Most of The Flashes, before the lightning came. | Credit: Paul Wellman

My soccer coaching career began with an email to the parents of kids I’d never met, assuring them that their 5-year-old boys would be safe under my watch and that — despite no experience on the pitch since I spent games picking flowers as a 10-year-old — I may even be able to teach them how to kick a ball. 

My rationale was that I’d watched plenty of soccer since ditching the sport nearly three decades earlier, including many World Cups (one in person!), a few Olympics, and the occasional Premier or Champions league match when nothing else was on TV. More critically, I mentioned that the sport ran a bit in my blood, since my cousin played professional soccer for a few years before marrying Aly Wagner. Far better-known than he, Aly spent about a decade winning gold medals and World Cups with the U.S. Women’s National Soccer team, and went on to become an even more famous commentator — the first woman to announce a male World Cup match in American broadcast history, in fact. 

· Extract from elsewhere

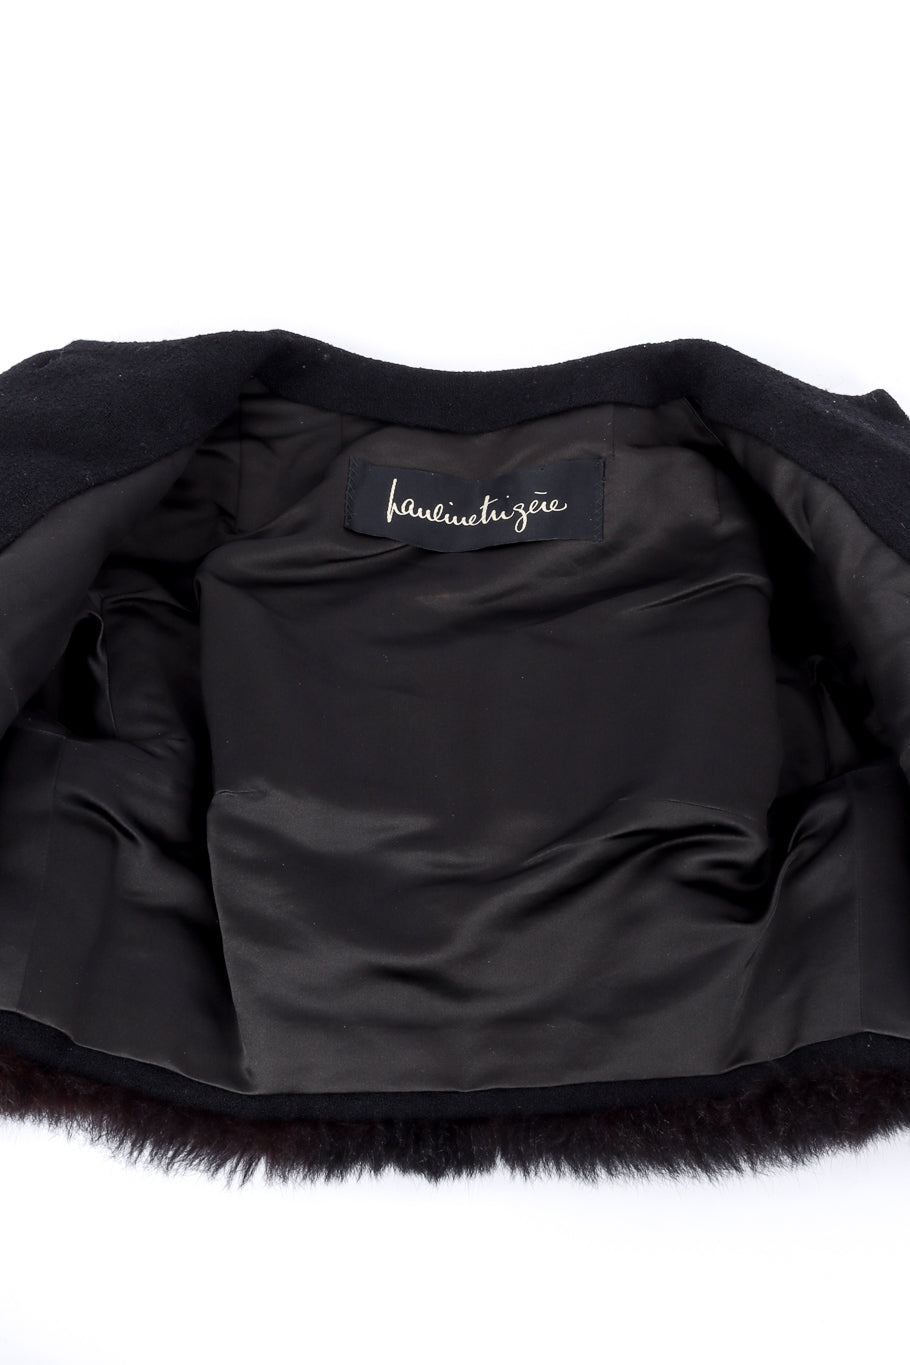 Vintage Pauline Trigere Cropped Fur Jacket view of lining @recessla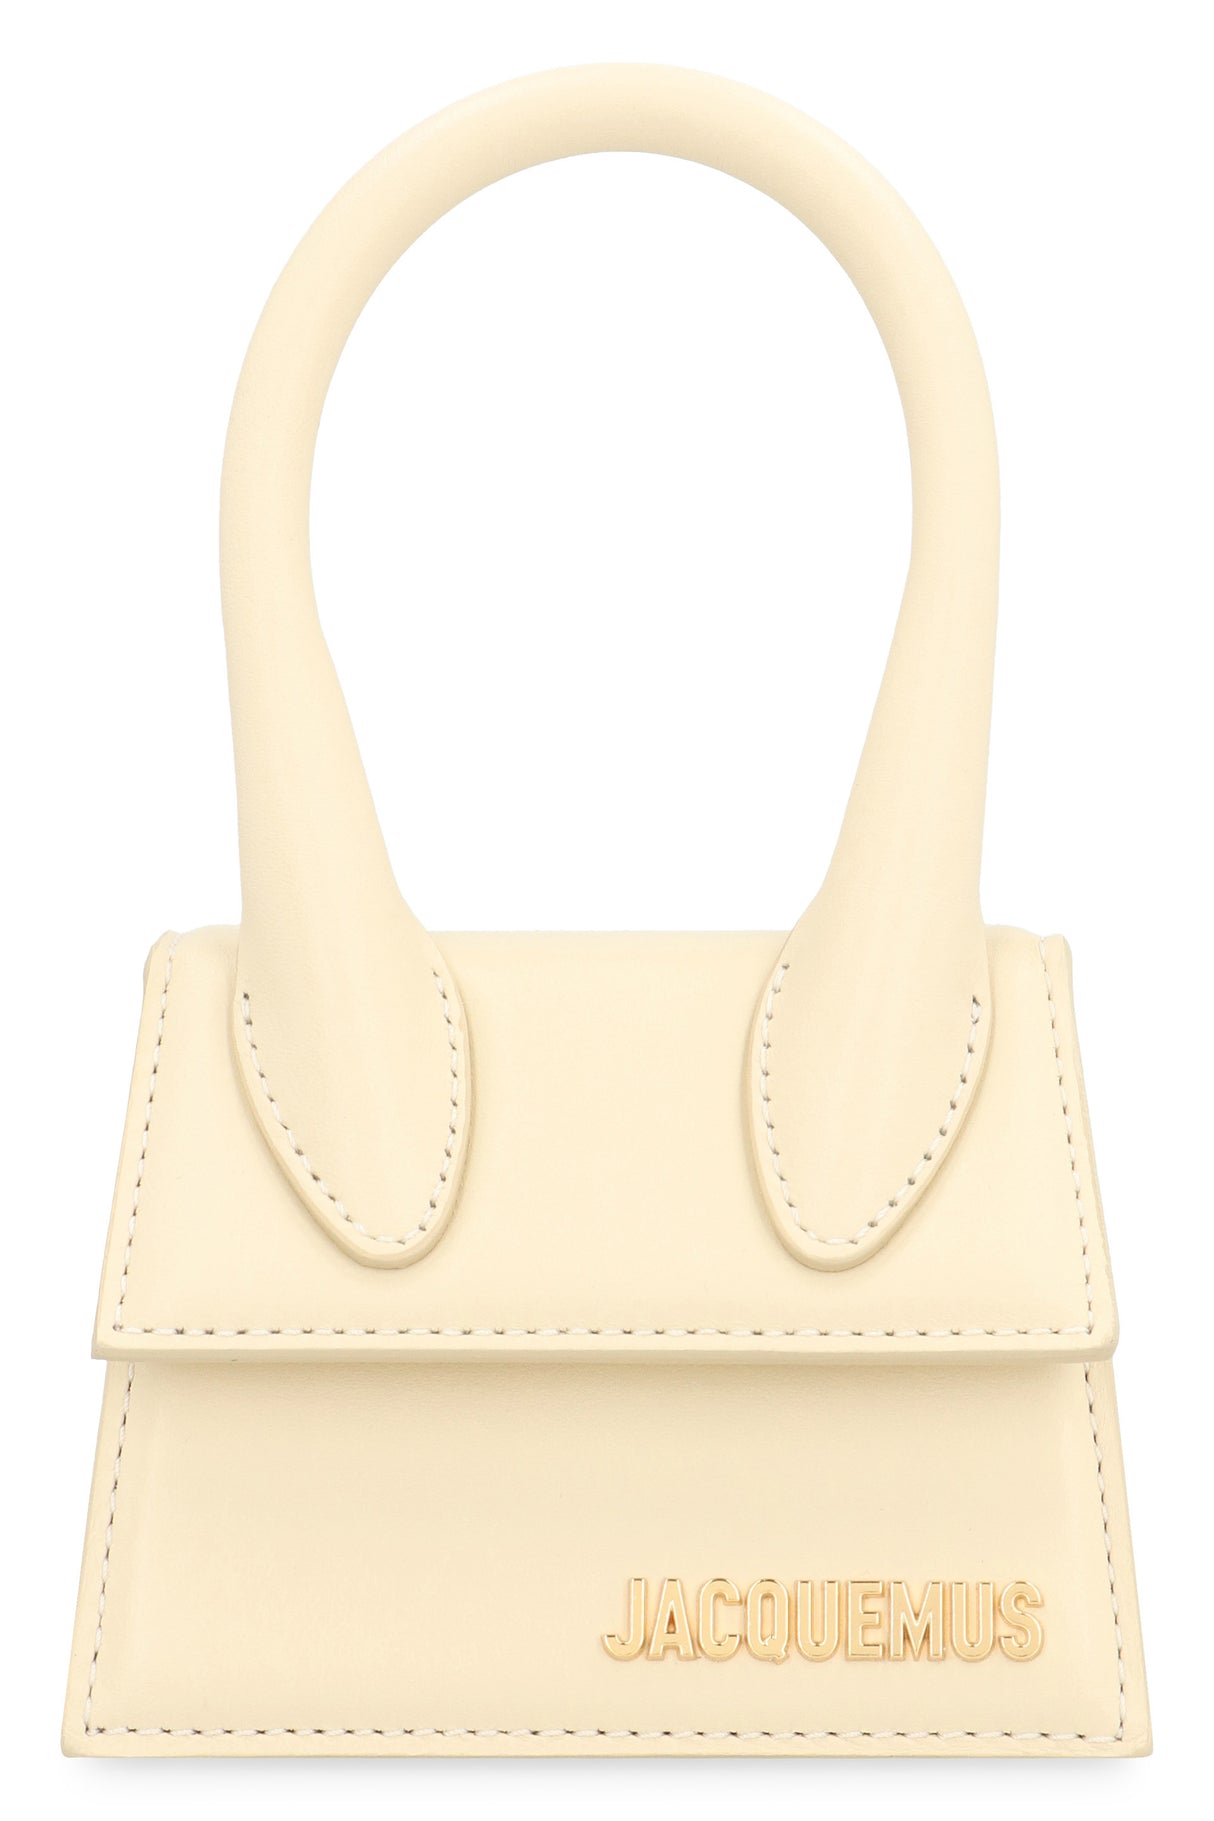 JACQUEMUS Ivory Leather Handbag with Stiff Handle and Gold-Tone Hardware

Coach Matt enjoying a near kick. | Credit: Paul Wellman

Though my cousin was skeptical of my tactics — or, as he replied sternly via email, “Do not associate us with your soccer coaching!” — the parents obliged, bringing seven kids to our first practice at a very lumpy ankle-breaker of a field. Like my own son, this was their first foray into organized sport, a role that soccer plays for so many Americans, myself included. It’s also where parents like me break into coaching, after much cajoling from the league about how the season may not start unless enough coaches sign up. With no stakes on the line — they don’t even keep score at that age — I figured this was my best chance to check that parenting responsibility box, and, hey, maybe I’d even be good at it. Only one of those notions proved true.